On July 9, just weeks after initiating its first enforcement actions against payment processors, the Consumer Financial Protection Bureau issued an outline of nine “guiding principles” for faster payment networks which will provide greater consumer protections. The CFPB indicated that new technology supporting payment systems must be secure, transparent, accessible, affordable to consumers, and have robust consumer protections. The CFPB guidelines reflect the intent of the CFPB to extend its supervisory authority more aggressively in the payments industry, particularly with respect to non-bank entities.
The CFPB rationalizes that companies developing new financial technologies should be constructing systems with consumer protections in mind. Existing payment systems expose consumers to the risk of security loss. The CFPB noted that various regulators, the financial services industry, and consumer groups are weighing in on improved payment systems and that the CFPB will continue to work with the entities developing the systems and other stakeholders to ensure that new payment systems address consumer needs and protect their interests.
The consumer protection principles outlined by the CFPB for new, faster payment systems touch on multiple facets of payment processing, including:
- Consumer control over payments – The CFPB states that new payment systems must be clear about when, how, and under what terms consumers have authorized a payment, identifying procedures for consumers to easily revoke authorization.
- Data and privacy – Consumers must be informed of how their data is being transferred through payment systems, how that data can be used, and potential risks. The systems must allow consumers to specify the data to be transferred and protect against misuse of data.
- Fraud and error resolution protections – System mechanisms must be available for consumers to reverse erroneous and unauthorized transactions quickly once identified and provide consumers with regulatory protections, such as Regulation E and Regulation Z and other safeguards.

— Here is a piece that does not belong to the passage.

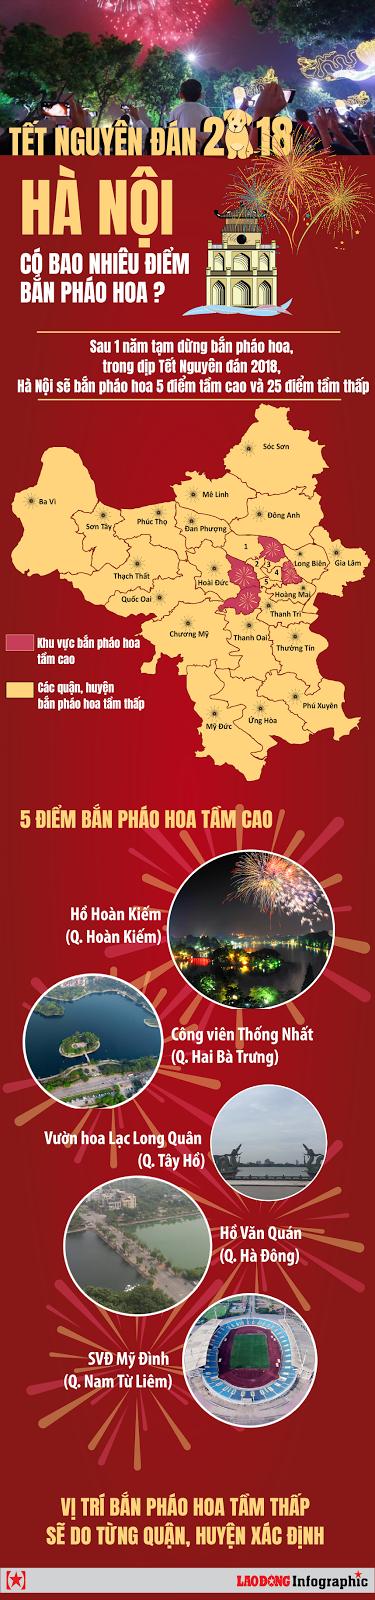 Co-bao-bao-nhieu-dia-diem-ban-phao-hoa-tai-ha-noi-dip-tet-nguyen-dan-2018
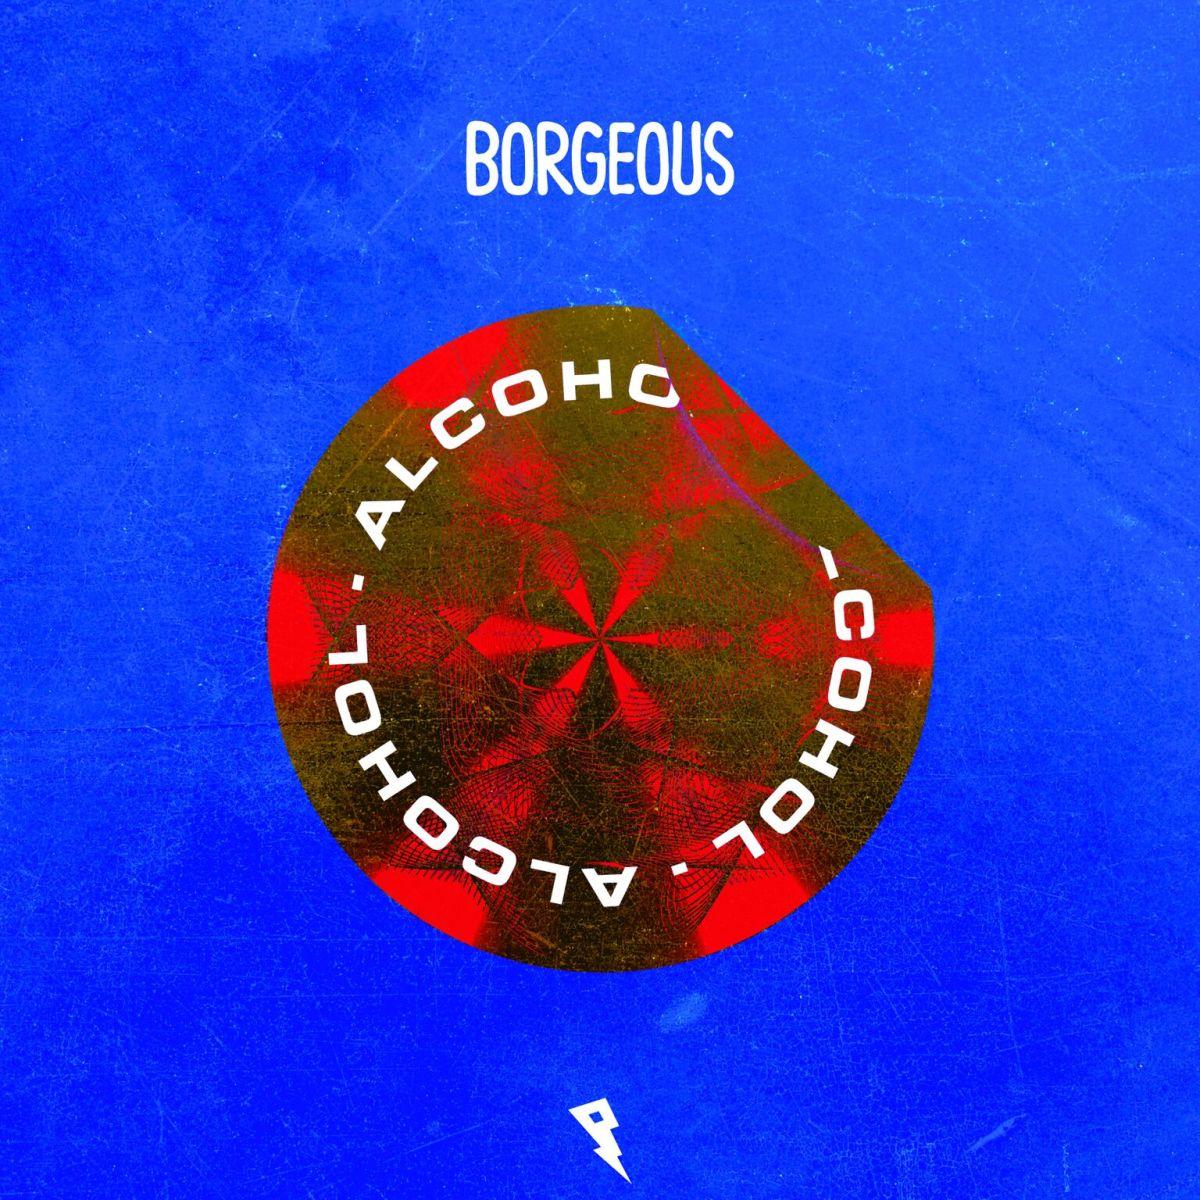 Borgeous Alcohol Album Art

- Transparency – Consumers must have access to real-time information about the status of transactions and timely disclosure of costs, risks, funds availability, and security of payments.
- Cost – Fees charged to consumers must be disclosed in a manner allowing consumers to compare costs of different payment options. Fee structures should not obscure the full cost of making or receiving a payment.
- Access – New payment systems must be broadly accessible to consumers and must be widely accepted by businesses and other consumers.
- Funds availability – Faster payment systems will bring consumers faster guaranteed access to funds, thereby reducing the risk of overdraft and declined transactions.
- Security and payment credential value – Security systems must be built-in to detect and limit errors, unauthorized transactions, and fraud. System architecture must safeguard against and respond to data breaches and limit that data transferred or stored in connection with payments.
- Strong accountability mechanisms that effectively curtail system misuse – System operators, participants, and end users must align together to prevent misuse and make commercial participants accountable for risks, harm, and costs they introduce to payment systems.
While the CFPB’s guidelines are sensible and provide important points for stakeholders involved in the development and implementation of payment processing systems, the most telling point for issuance of the guidelines is what the future holds for payment processing industry: increased scrutiny and regulatory oversight by an agency with broad supervisory jurisdiction, including over nonbank participants in markets related to consumer credit and payment instruments.